[Bug 3245] Equality of strings

http://www.w3.org/Bugs/Public/show_bug.cgi?id=3245





------- Comment #10 from fsasaki@w3.org  2007-10-17 06:00 -------
(In reply to comment #9)
> The WG discussed this issue both with Query and XSL, and then among
> ourselves, at the October 2007 ftf meetings in Redmond.  See also bug
> 3222, which is closely related in practice.
> 
> We discussed several proposals for defining equality conditions for
> string which might depend on normalization and/or collation
> information.  Eventually, we converged on a proposal to add a
> Unicode-normalization facet applicable to xs:string. Its value will be
> an identifier denoting a specific Unicode collation form (e.g. 'c').
> To begin with, the only legal values will be the identifier for
> normalization form C and ABSENT.  The default value will be ABSENT,
> which means the unnormalized form is used.  Once specified, the facet
> cannot be changed (it's effectively fixed from the time of first use).
> The meaning of the facet is that the lexical form is prepared by
> calculating the named normaliztion form for the 'normalized value' in
> the input infoset, and then performing whitespace normalization to
> calculate the candidate lexical form.
> 
> We noted that it does matter that Unicode normalization be done first:
> For the string s = x, y, z, space, space, combining umlaut, x, y, z,
> it's clear that norm(ws(s)) = x, y, z, non-combining umlaut, x, y, z,
> while ws(norm(s)) = x, y, z, space, non-combining umlaut, x, y, z.  We
> thought that in this case the double space in the original seems a
> clear signal that two tokens are intended, not one.
> 
> After the meeting, it occurred to some WG members that it might be
> good to have an explicit identifier for no-normalization, so that the
> value of the facet can be fixed that way if desired.  (This would
> entail reformulatiing the rule about changing the facet:  the value
> might change from no-normalization to some normalization form, but
> not from any specified normalization form to any other value.)
> 

The following is not my comment, but a copy from
http://lists.w3.org/Archives/Public/public-i18n-core/2007OctDec/0005.html .

Felix

There is a factual problem in the example.

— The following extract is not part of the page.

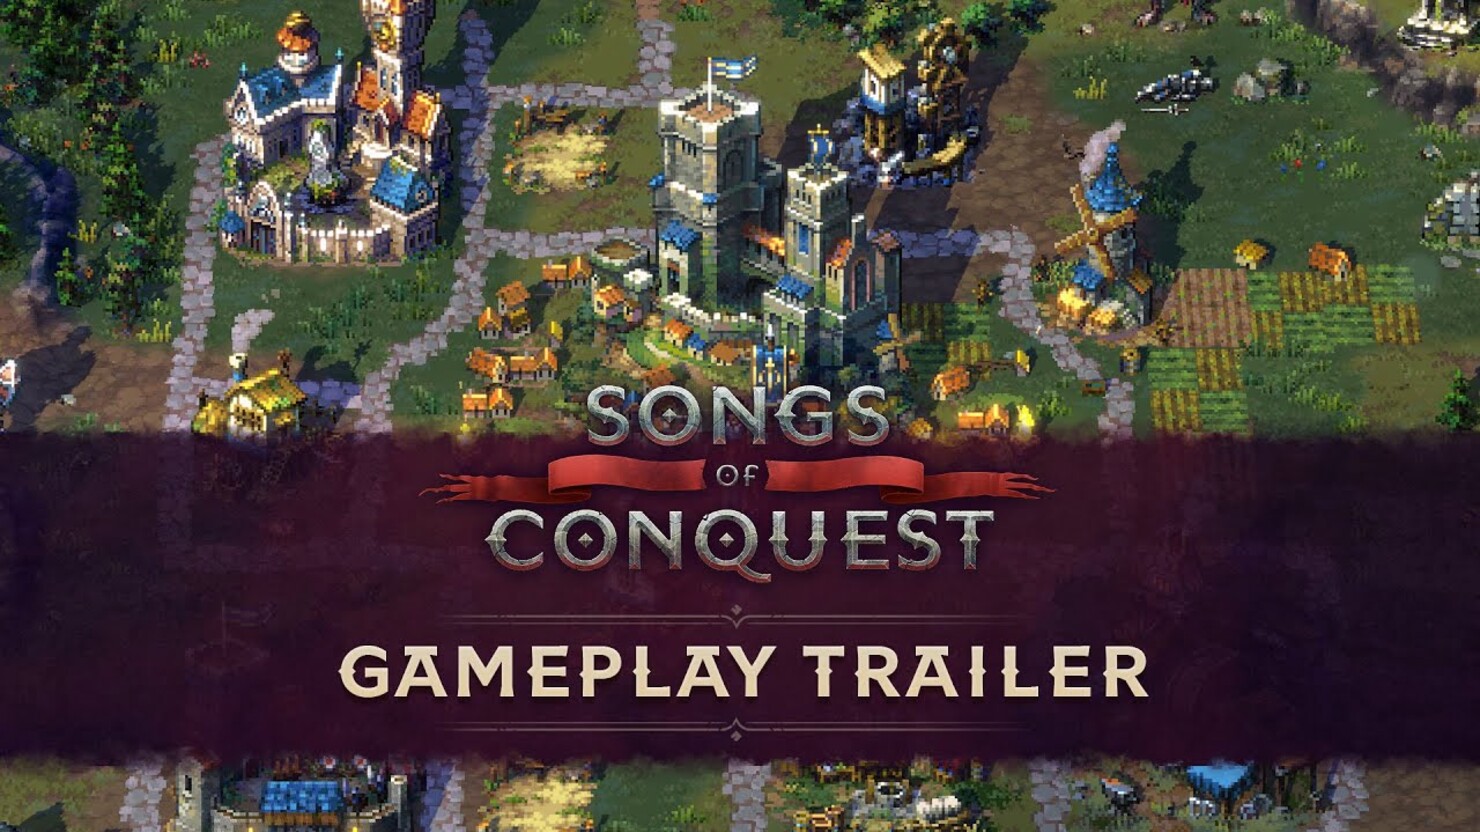 Songs of Conquest геймплей. Songs of Conquest стратегия. Замки в Song of Conquest. Heroes III - Song of Conquest. Собранное королевство

The normalized form of <space, combining umlaut> is <space, combining umlaut>
in all cases; it does not change under normalization. The normalized form of
<00a8> remains the same (00a8) under NFC and NFD: it only changes in the
compatibility forms to <space, combining umlaut>. So if normalization form C is
being discussed, then the example needs to be changed.

If you have any questions about particular normalizations, the icu browser is
helpful.

http://demo.icu-project.org/icu-bin/nbrowser

Mark

Received on Wednesday, 17 October 2007 06:01:06 UTC